Horne v. USDA: An Exercise in Minimalism?
During the Great Depression, Congress saw fluctuations of agricultural commodity prices as a cause for public concern, and set about the goal of stabilizing them. Its solution was the Agricultural Marketing Agreement Act of 1937,1 which empowered the Department of Agriculture to control prices by, among other means, issuing “marketing orders” to limit the volume of particular agricultural products that could be sold.
One such order was the Raisin Marketing Order, first adopted in 1949.2 The Raisin Marketing Order established a “raisin reserve” designed, at least nominally, to control the volume of marketed California raisins. Whether the Raisin Marketing Order achieved any public benefit has always been debatable, but its operations continued year after year until, in Horne v.

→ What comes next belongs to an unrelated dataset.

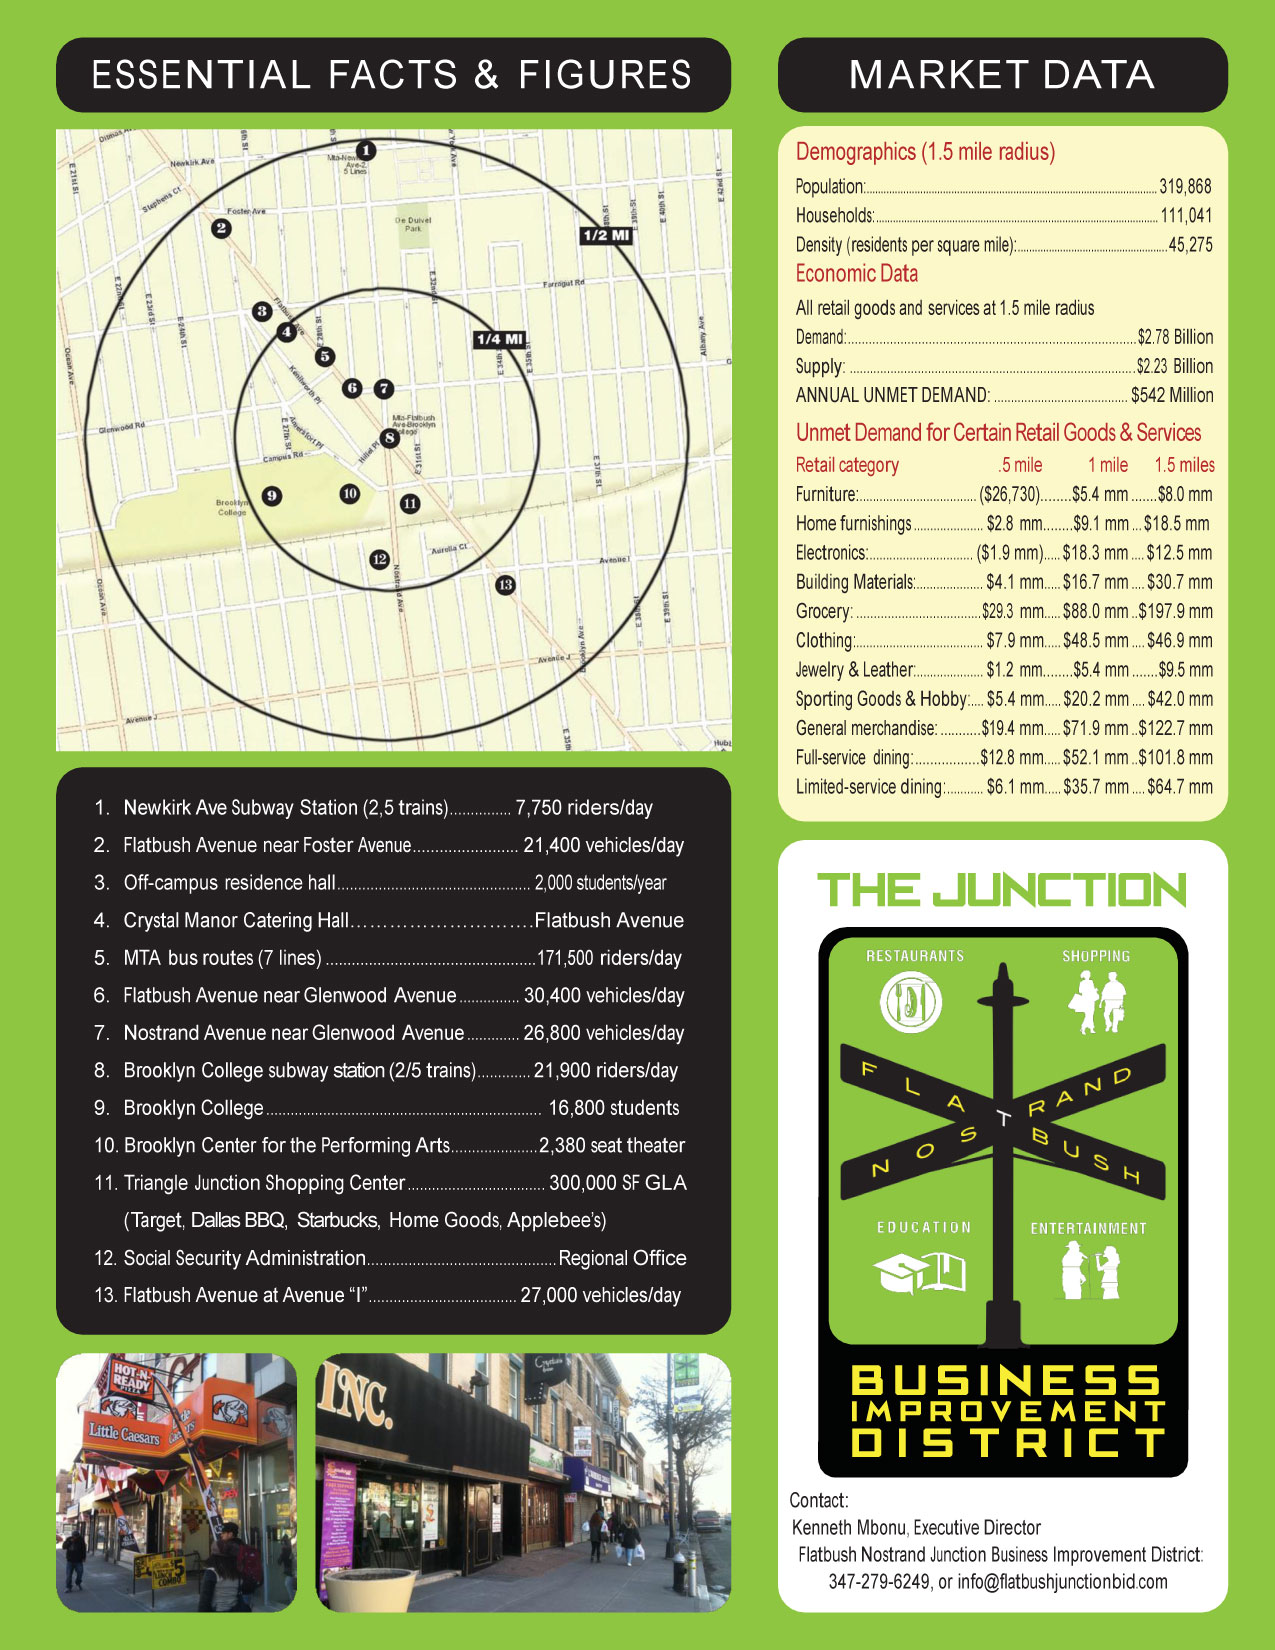 BID Data Flatbush Junction Business Improvement District

USDA, the Supreme Court held that the raisin reserve requirement effected an unconstitutional taking of private property without just compensation.

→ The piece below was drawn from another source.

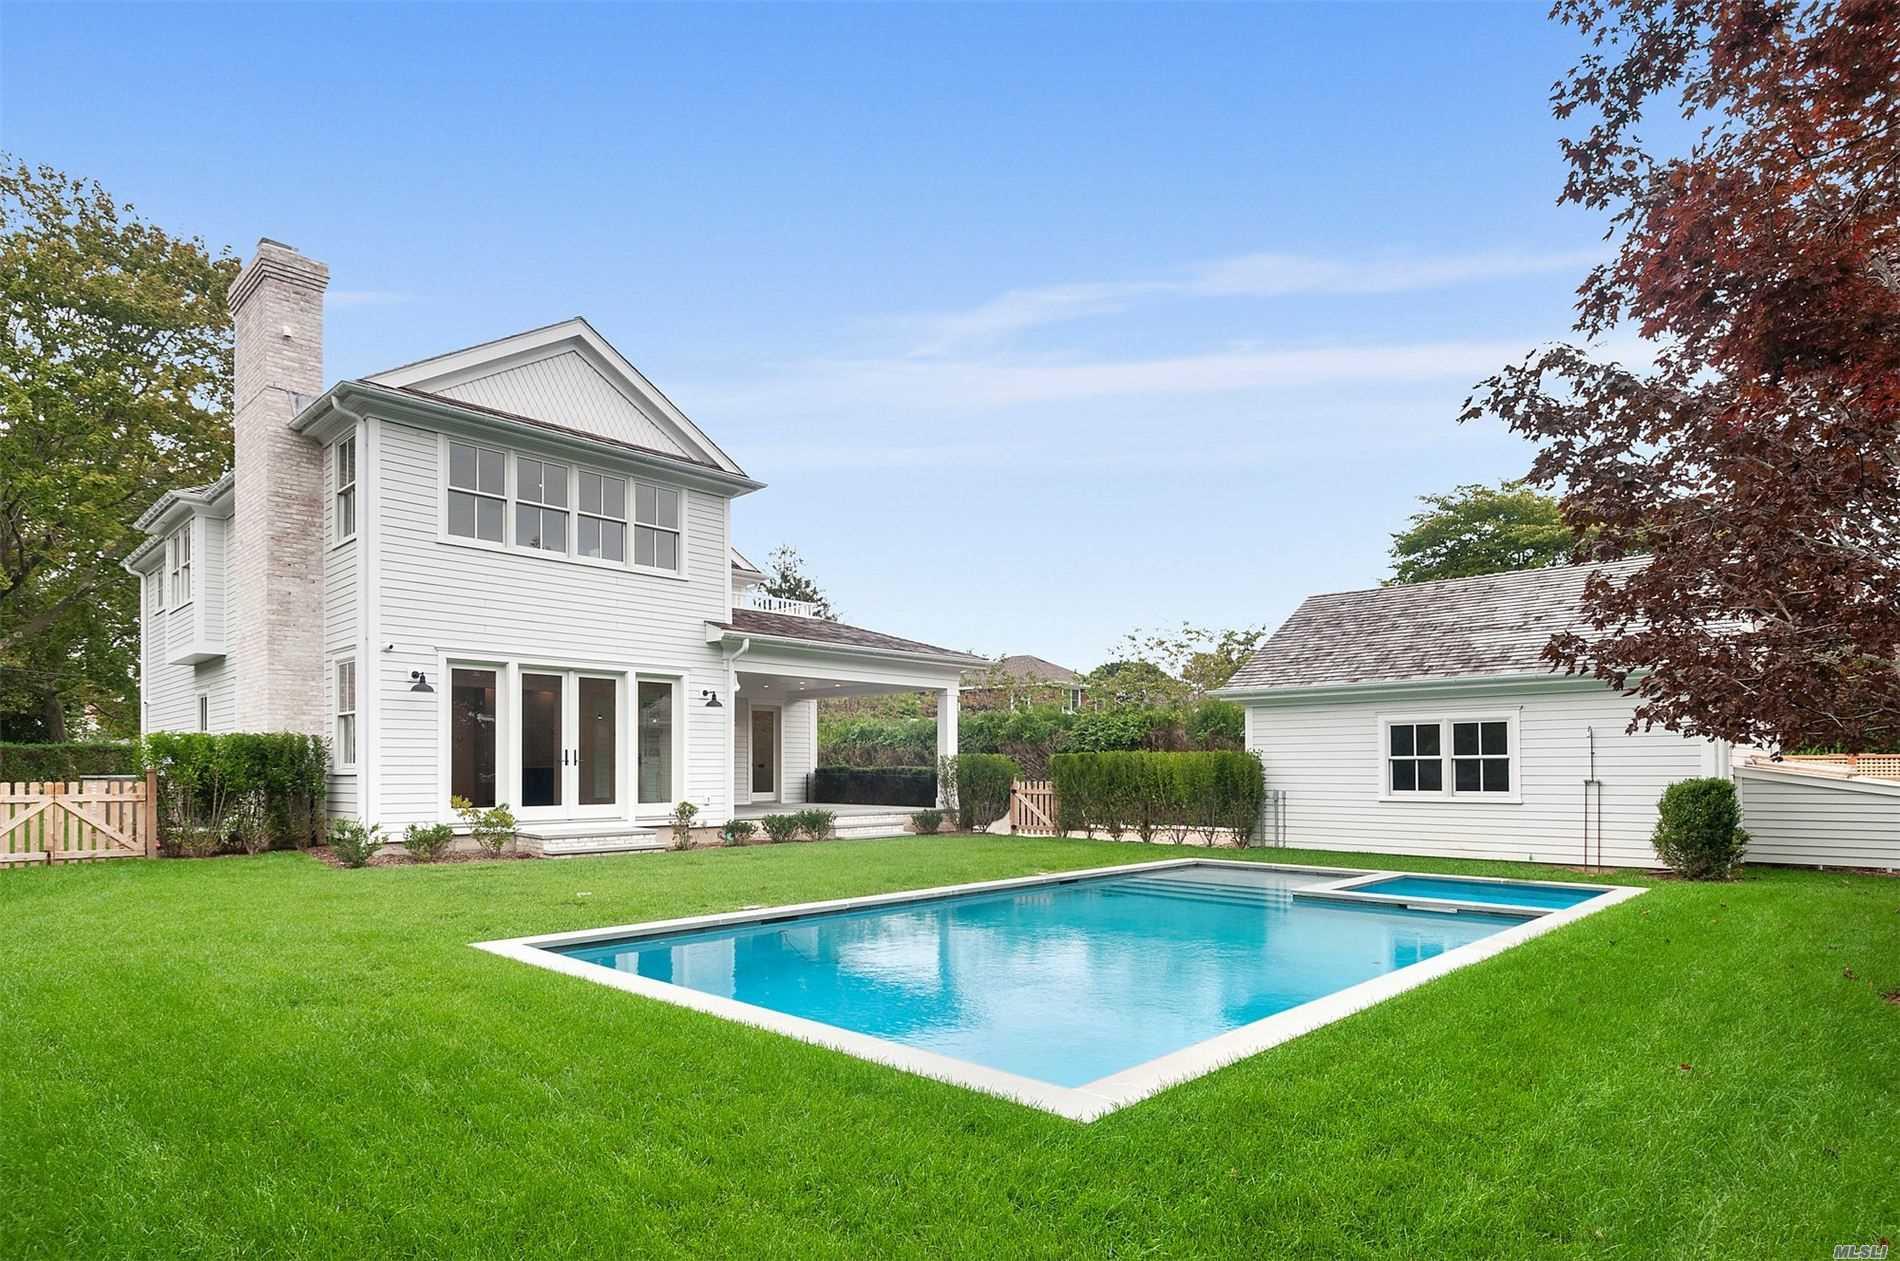 Photo of home for sale at 120 Pelletreau St, Southampton NY

Ordinarily, the effective invalidation on constitutional grounds of a regulatory regime dating back to the early days of the modern administrative state would be a remarkable event. The Supreme Court’s decision followed no fewer than six lower court and administrative decisions rejecting the petitioners’ Takings Clause arguments on various grounds (plus an earlier visit to the Supreme Court on jurisdictional issues). But, in some respects, there may be less than meets the eye. The uncompensated taking is fairly obvious; the Supreme Court applied well-established precedent and got the result that the precedents compelled. When the Court could have taken the opportunity to go beyond existing precedent, it declined to do so. Horne should therefore be placed not among cases that recognize new or expanded constitutional protections for individual rights, but among the cases that protect long-established rights from unprecedented attacks.
In Part I, I explain how the Supreme Court’s decision fits neatly within existing Takings Clause doctrine. In Part II, I address the ways in which a contrary decision affirming the Ninth Circuit panel and upholding the Raisin Marketing Order would have been the truly radical course. In Part III, I discuss one question in Horne where the Court carefully avoided deciding any more than it considered necessary, and might even have been better advised to explain more.